De même ils ont localisé sur le chromosome 22 une région appelée BCR où avait lieu la rupture préalable à la translocation du bras long du chromosome 22 sur le chromosome 9. Par la suite cette région s’est révélée correspondre à un gène qu’on a appelé BCR.
Sachant que le gène ABL du chromosome 9 était un proto oncogène, les chercheurs ont voulu déterminer si ce gène était transloqué sur le chromosome 22 au cours de la formation du chromosome Philadelphie.
Le cliché d’hybridation in situ du document : Une conséquence génétique (moléculaire) de l’anomalie chromosomique met en évidence les gènes BCR et ABL dans une cellule normale et dans 5 cellules leucémiques d’un patient atteint de LMC.
Cette hybridation a été réalisée sur des cellules interphasiques, ce qui explique qu’on ne distingue pas les chromosomes des noyaux. Dans une cellule normale, on voit deux tâches vertes qui correspondent chacune à un allèle du gène BCR situé sur un des chromosomes 22. De même, on voit deux tâches rouges qui correspondent chacune à un allèle du gène ABL situé sur un des chromosomes 9. On peut demander de schématiser la localisation des allèles de chacun de ces gènes sur les chromosomes.
Dans toutes les cellules leucémiques, on distingue une tâche verte et une tâche rouge qui correspondent respectivement à un allèle du gène BCR et à un allèle du gène ABL. En outre, on distingue dans chaque cellule leucémique une tâche rouge associée à une tâche verte.
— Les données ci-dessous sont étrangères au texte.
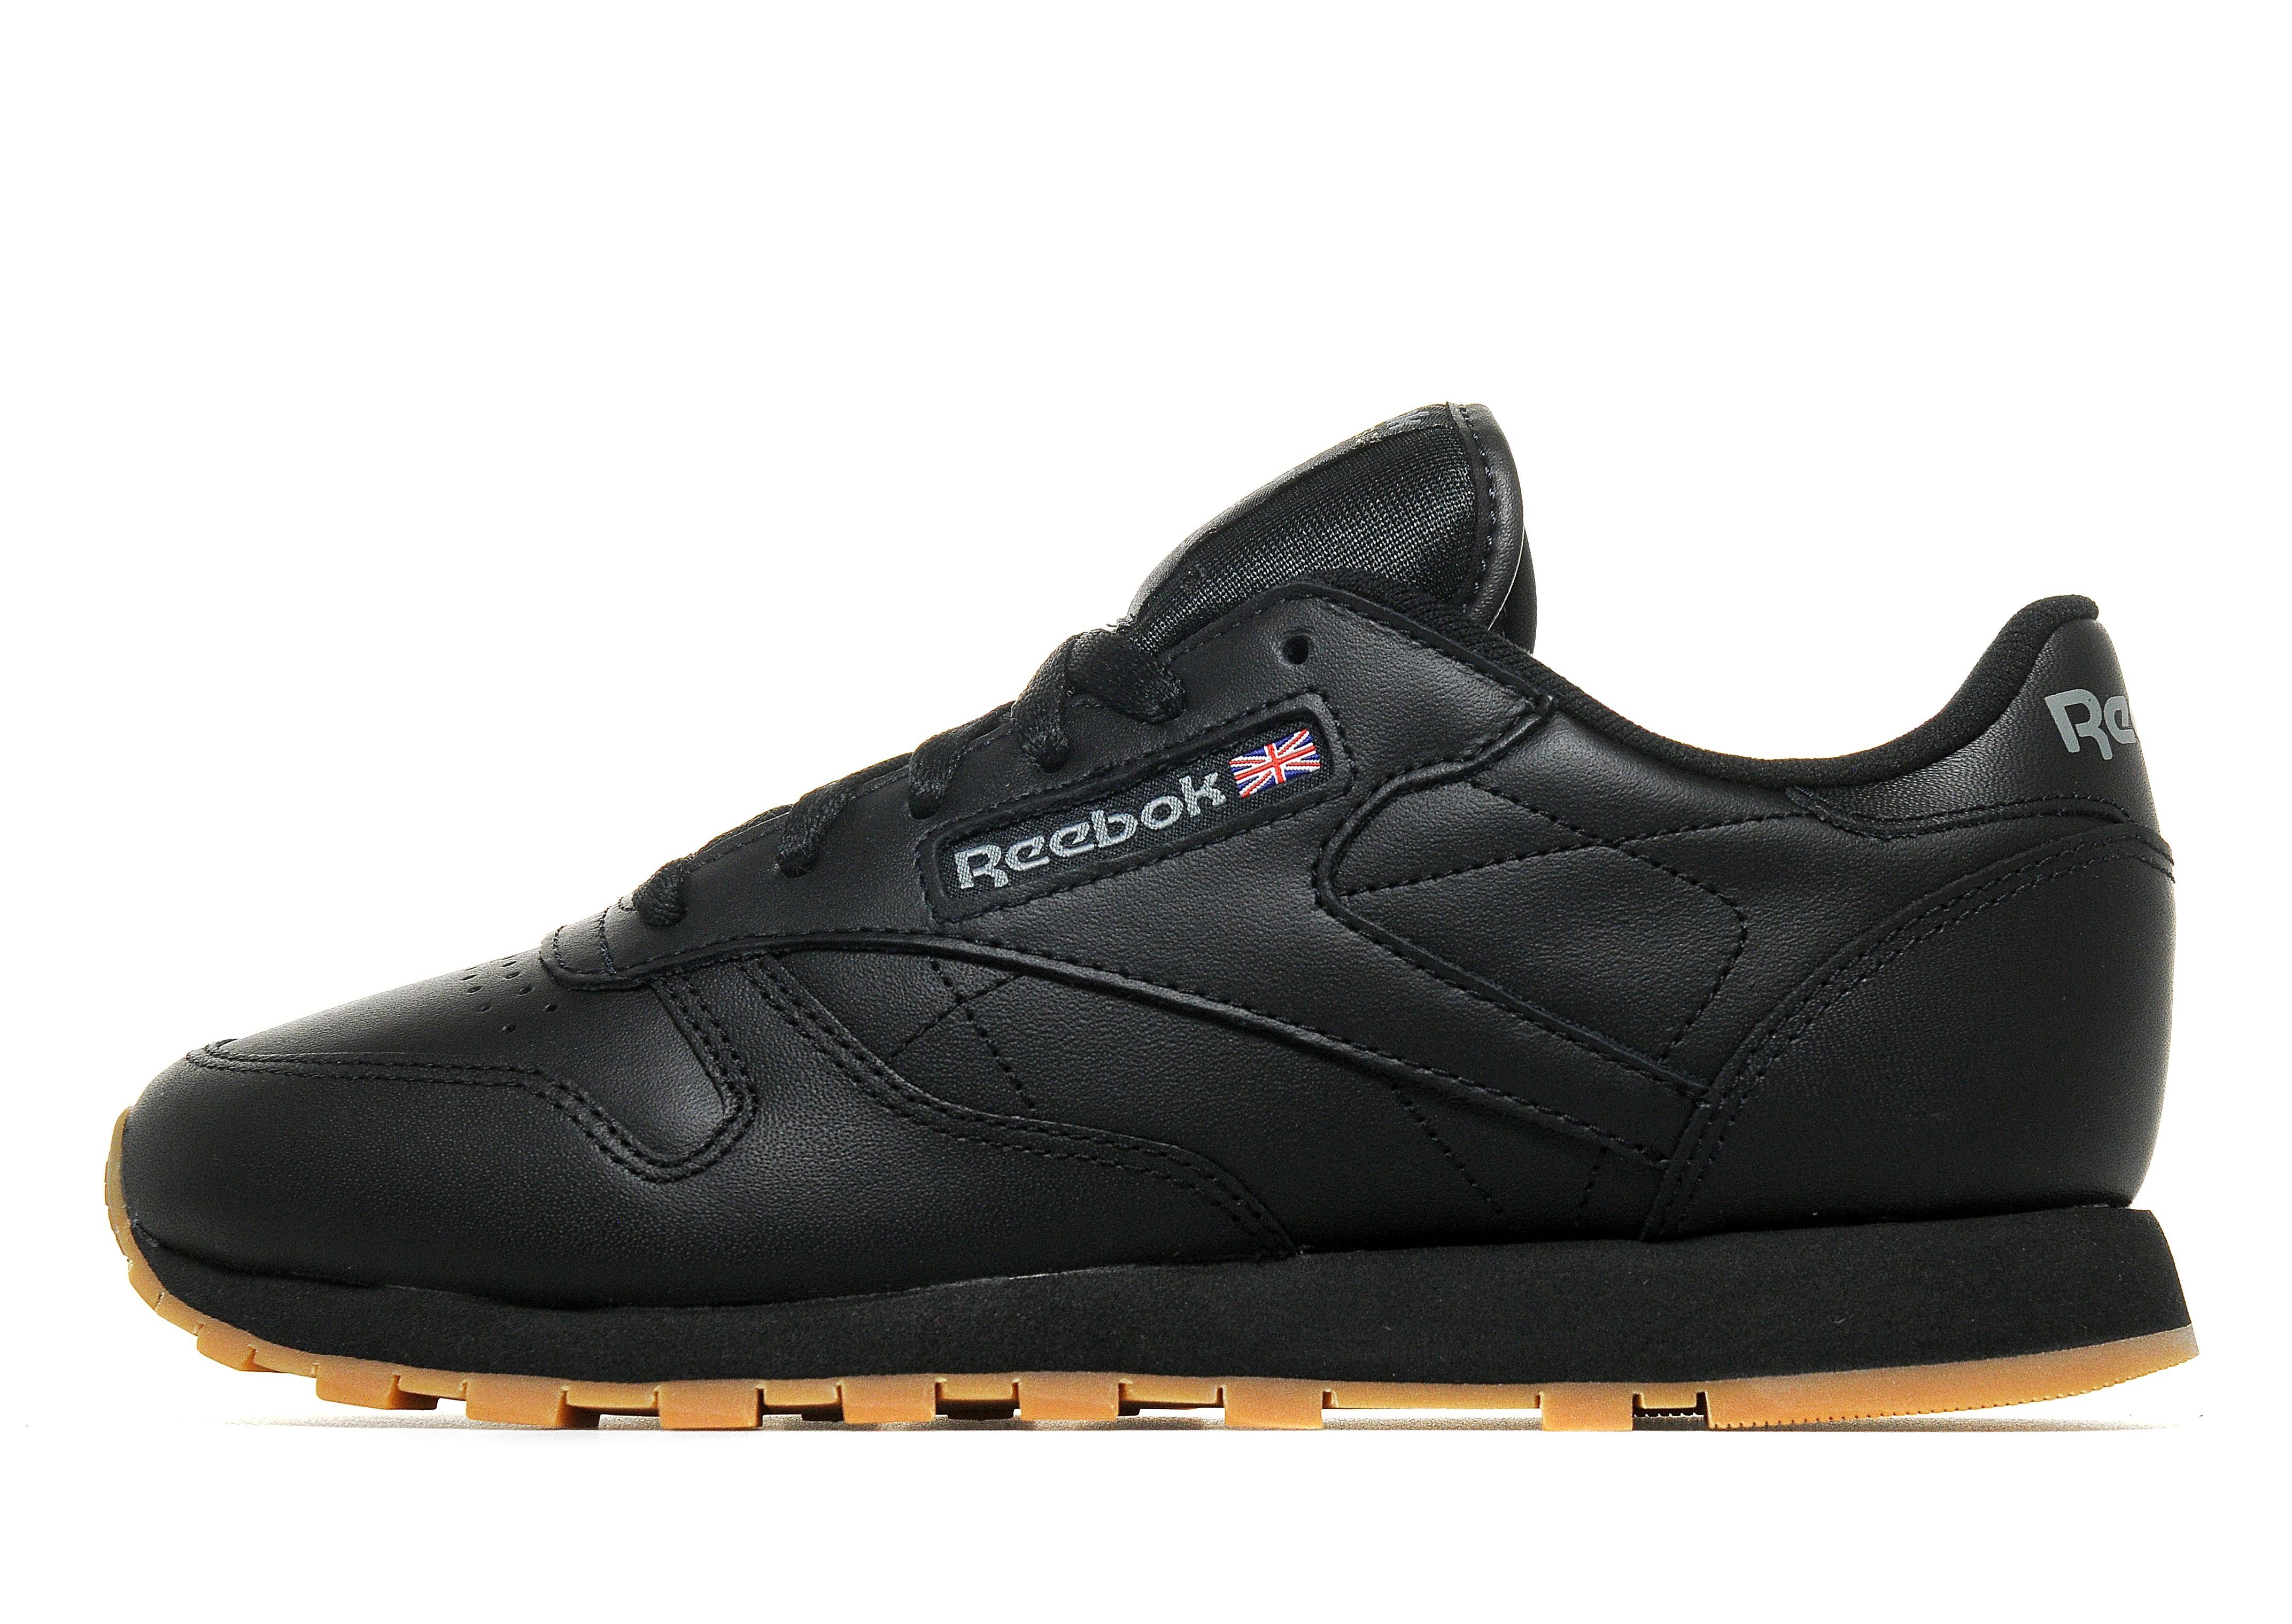 Reebok Classic Leather Women's

Cela correspond à un allèle du gène BCR associé à un allèle du gène ABL sur un même chromosome, le chromosome 22. Le schéma ci-dessous est une interprétation des figures d’hybridation
D'après : Chronic Myelogenous Leukemia (CML)
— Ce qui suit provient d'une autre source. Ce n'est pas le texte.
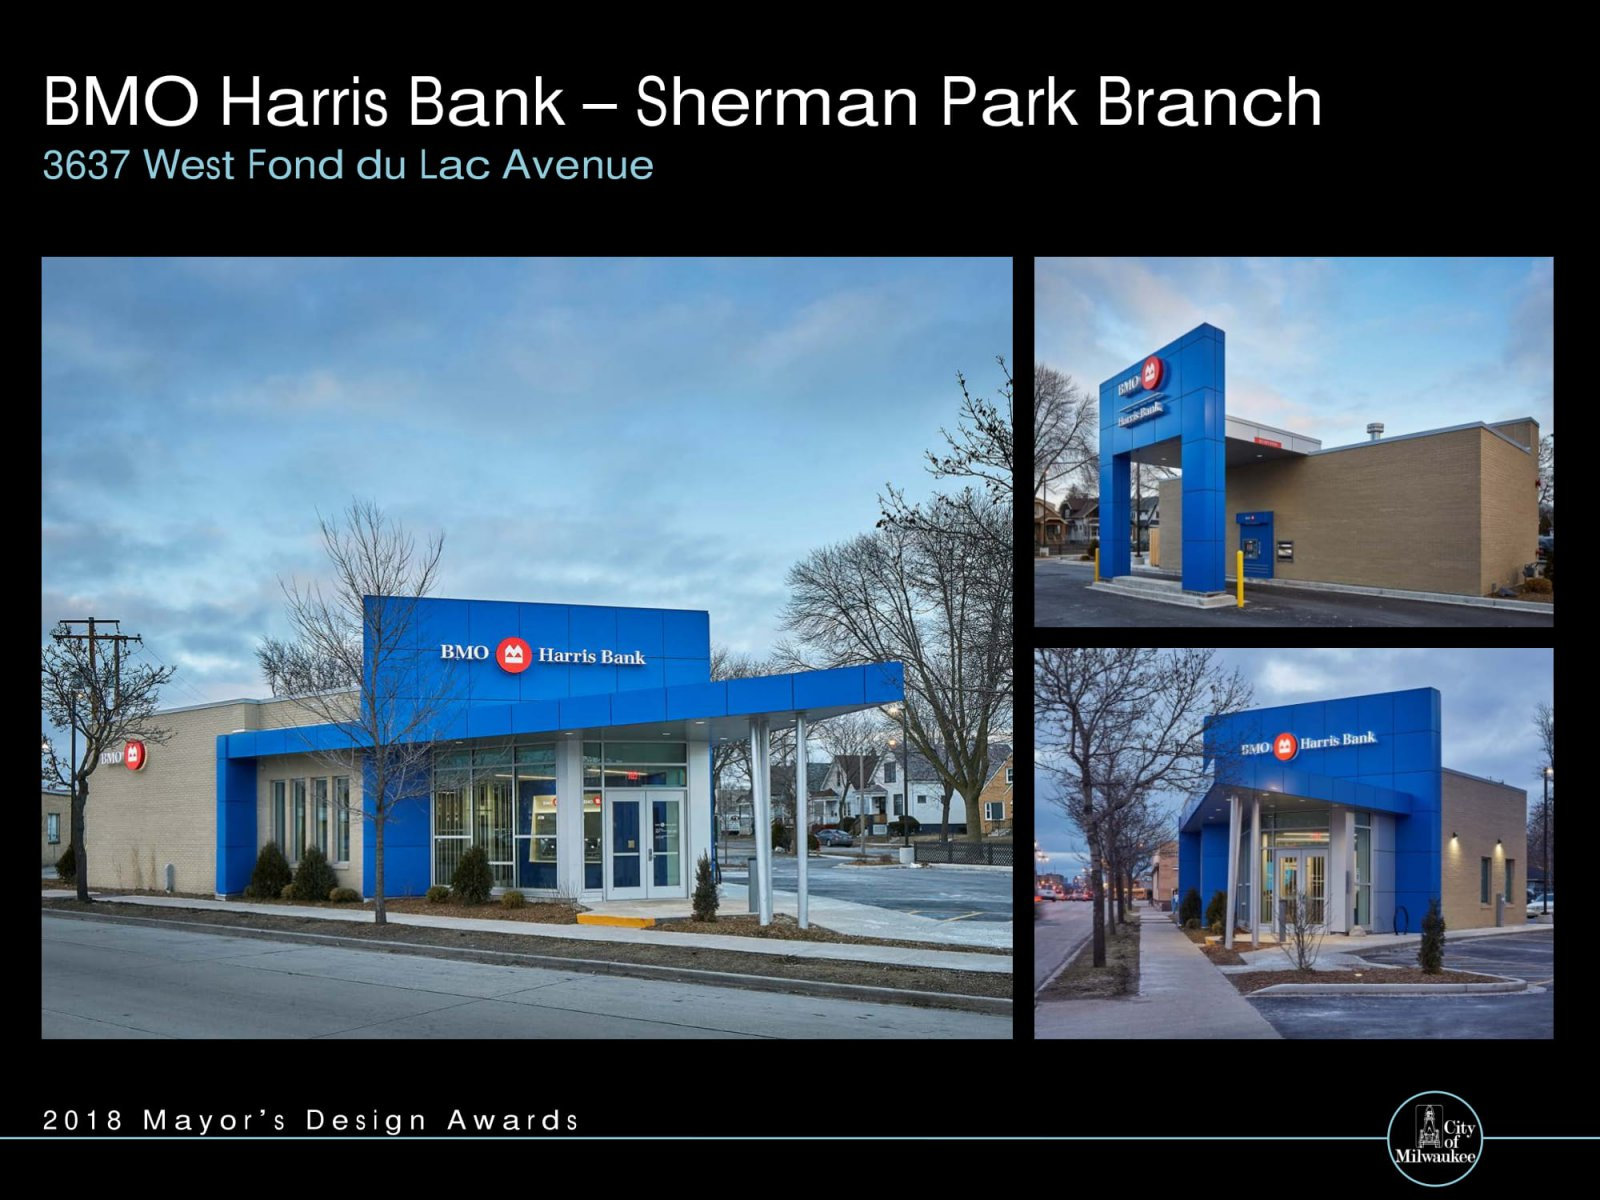 BMO Harris Bank Sherman Park

Le schéma sur la localisation chromosomique des allèles BCR et ABL, conclusion de cette expérience d’hybridation, traduit bien que le gène ABL a été transloqué du chromosome 9 au chromosome 22. A ce stade, on ne peut pas vraiment parler de fusion entre les deux gènes, ils apparaissent comme juxtaposés sur le chromosome Philadelphie.
Les informations fournies par les séquences
En 1984, on a identifié dans les cellules leucémiques un ARNm qui code pour une protéine BCR-ABL non présente dans les cellules normales.
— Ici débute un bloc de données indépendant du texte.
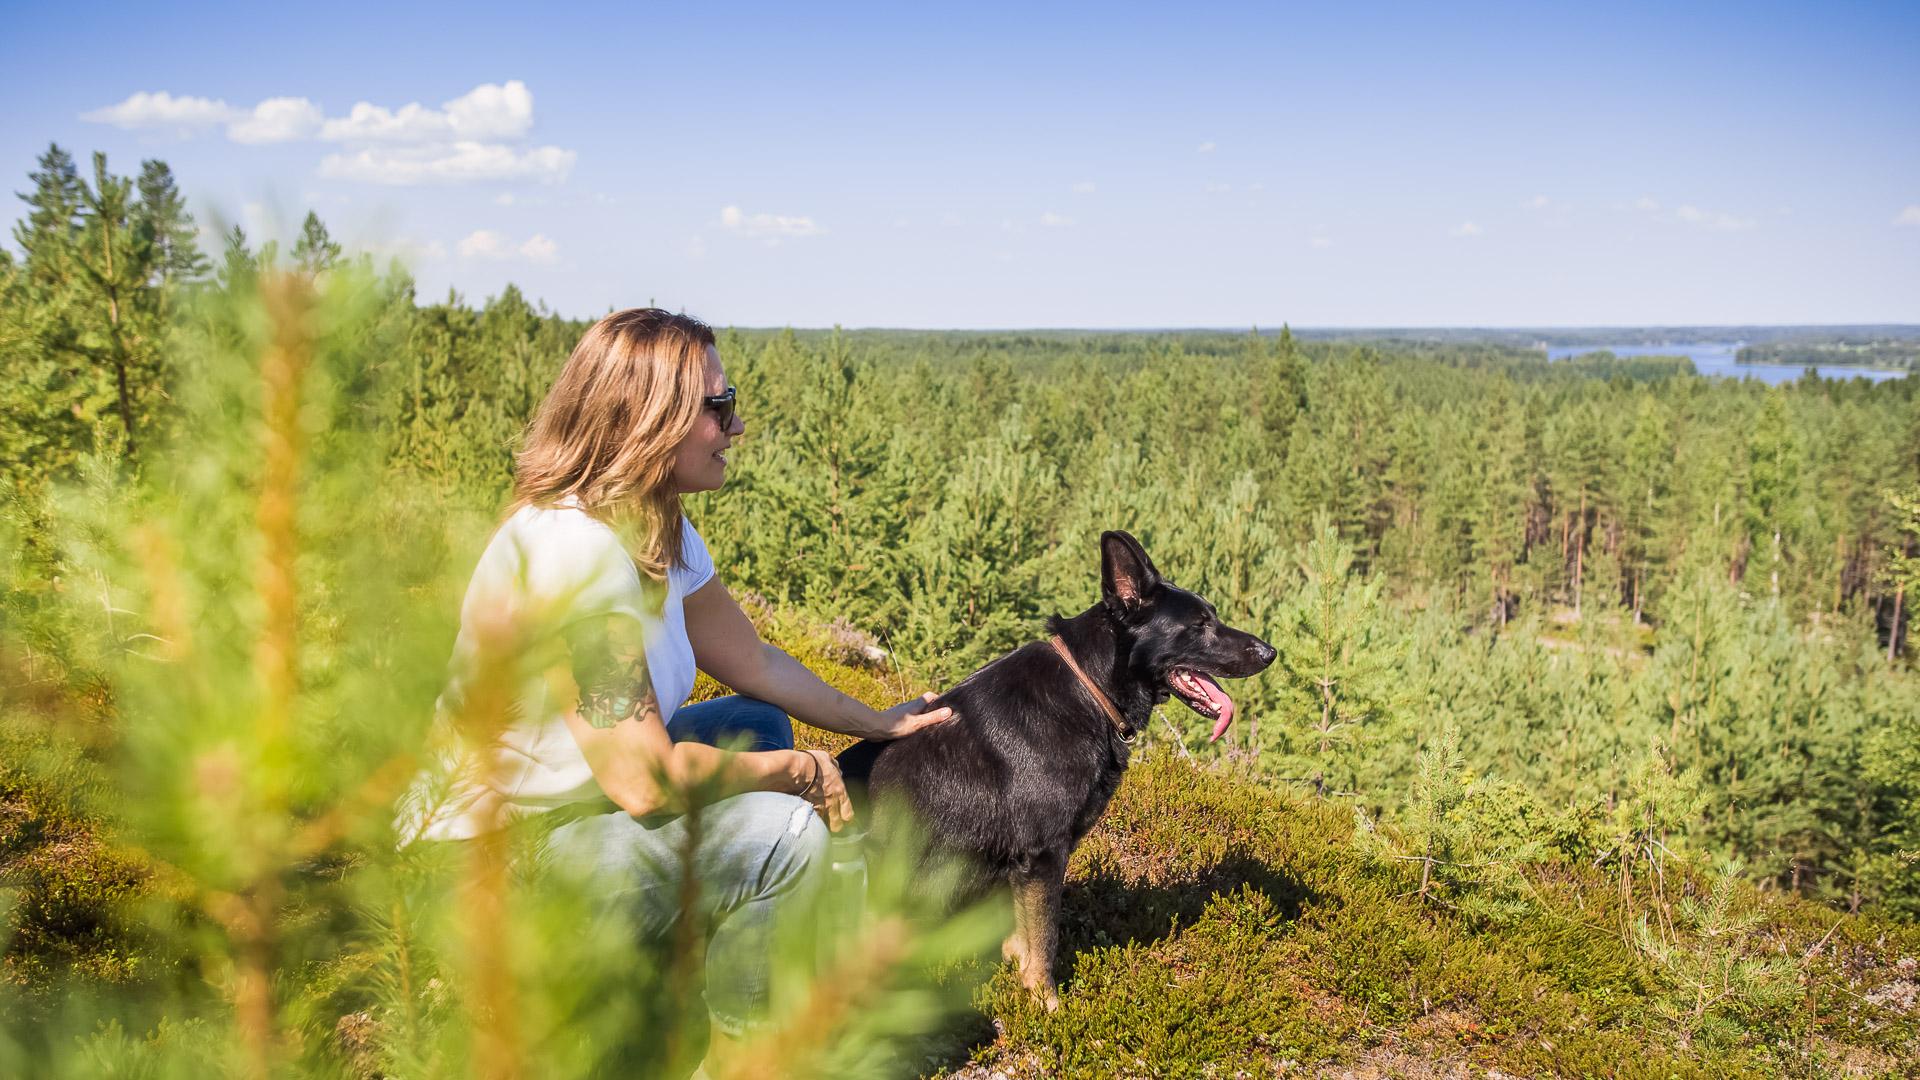 Visit Tampere Korsuretket Patikointi Hiking Forest Nature Laura Vanzo 35

Fichier BCRABL-BCR-ABL.edi
La comparaison avec Anagène de la séquence de cette protéine avec celle de la séquence de la protéine BCR puis avec celle de la protéine ABL d’une cellule normale révèle que la protéine BCR-ABL est une protéine chimère dont la région amont correspond à celle de la région amont de la protéine BCR et la région suivante à celle de la région aval de la protéine ABL. Le dotplot visualise bien cette constitution chimérique de la protéine BCR-ABL.
Cela signifie que le gène codant pour cette protéine est aussi un gène chimère. Autrement dit, les gènes BCR et ABL ont été coupés au cours de la translocation et il en est résulté un gène de fusion au lieu de deux gènes, gène qu’on désigne aussi par BCR-ABL. C’est ce que traduit le schéma sur le chromosome Philadelphie du document.
Il restait à déterminer si la protéine codée par ce gène de fusion, engendré par la translocation, était bien responsable de la cancérisation de la cellule.
Une confirmation expérimentale de l’action oncogénique de la protéine BCR-ABL
Cette expérience de transgénèse conduit à des souris qui ont intégré dans le génome de leurs cellules souches de la moelle osseuse, le transgène BCR-ABL humain. Les souris donneuses et receveuses sont de même lignée, ce qui évite un rejet des cellules injectées par les receveuses. Quelques semaines après l’injection, un frottis sanguin réalisé chez les souris receveuses montre une richesse en globules blancs, en particulier en polynucléaires nettement supérieure à la normale. Dans leur article, les auteurs indiquent 15000 à 500000 leucocytes par mm3 alors que le nombre normal est de 5000 par mm3. D’autre part la rate est hypertrophiée.
Ce sont là des données qui évoquent celles observées chez un patient humain atteint de LMC au cours de la phase chronique. Cela n’est pas observé chez des souris irradiées ayant reçu des cellules souches n’ayant pas incorporé le transgène BCR-ABL. On peut donc conclure que la protéine codée par le transgène a la propriété de déclencher une multiplication anormale des cellules souches granuleuses de la moelle osseuse.